As we face the mounting challenges of climate change and seek to reduce our reliance on fossil fuels, innovations like μPSCs remind us that solutions can come from unexpected places. By looking to nature’s time-tested energy harvesting methods, we may find new ways to power our future – one tiny algae cell at a time.
Paper Summary
Methodology
The researchers created arrays of six individual μPSCs and connected them in various configurations. Each μPSC consists of two tiny chambers (2cm x 2cm x 4mm) separated by a honeycomb-shaped proton exchange membrane with microelectrodes on both sides. The anode chamber contains algae in a 2mL solution, while the cathode chamber is filled with potassium ferricyanide. They tested pure series connections, pure parallel connections, and several mixed arrangements combining both series and parallel. For each setup, they measured the voltage, current, and power output under different electrical loads. They also developed a computer model to predict the performance of these arrays, which they then compared to real-world experimental results.
Results
The study found that combining series and parallel connections offered the best overall performance. For example, one effective arrangement connected three pairs of cells in series, with those three pairs then connected in parallel. This configuration produced a maximum power of around 985 microwatts – a significant improvement over single cells.
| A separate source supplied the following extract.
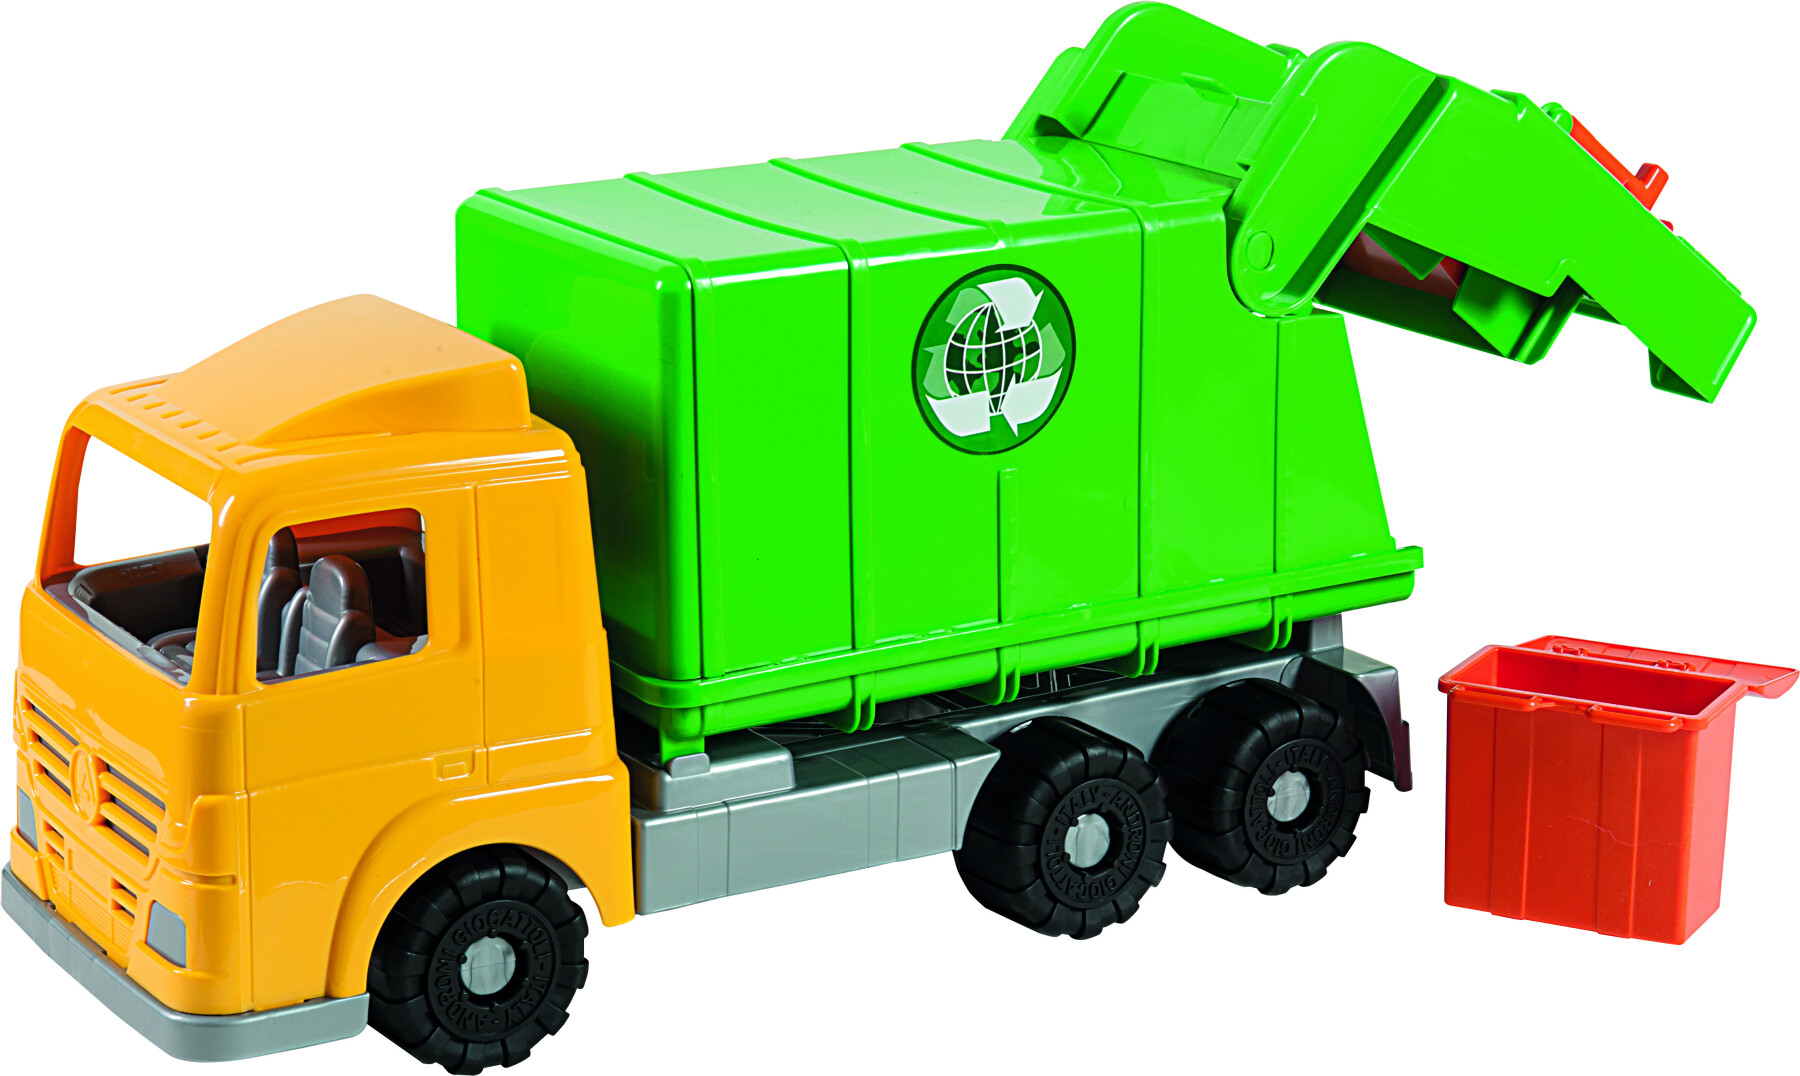 Camion spazzatura  cm 45 in scatola cartone riciclabile, con cassonetto, in due colori -

The computer model generally predicted higher outputs than were achieved experimentally, suggesting room for future optimization.
Limitations
While promising, μPSCs still produce relatively small amounts of power compared to conventional energy sources like photovoltaic cells. The experimental results often fell short of the model’s predictions, likely due to variations in individual cell performance and losses in the system. The technology is also in its early stages, with challenges in scaling up production and ensuring consistent performance across cells.
Discussion and Takeaways
This study demonstrates that strategic arrangement of μPSCs can significantly boost their power output, bringing them closer to practical use in low-power applications like IoT sensors. The ability to tailor voltage and current through different configurations offers flexibility for various device requirements. The research also highlights the importance of optimizing not just individual cells, but entire systems of biological power sources. Future work may focus on improving consistency between cells and reducing internal losses to close the gap between theoretical and actual performance. The researchers believe that with further development, including AI-assisted integration technologies, μPSCs could become a viable, affordable, and clean power source for certain applications.
Funding and Disclosures
This research was funded by the Natural Sciences and Engineering Research Council of Canada. The authors declared no conflicts of interest.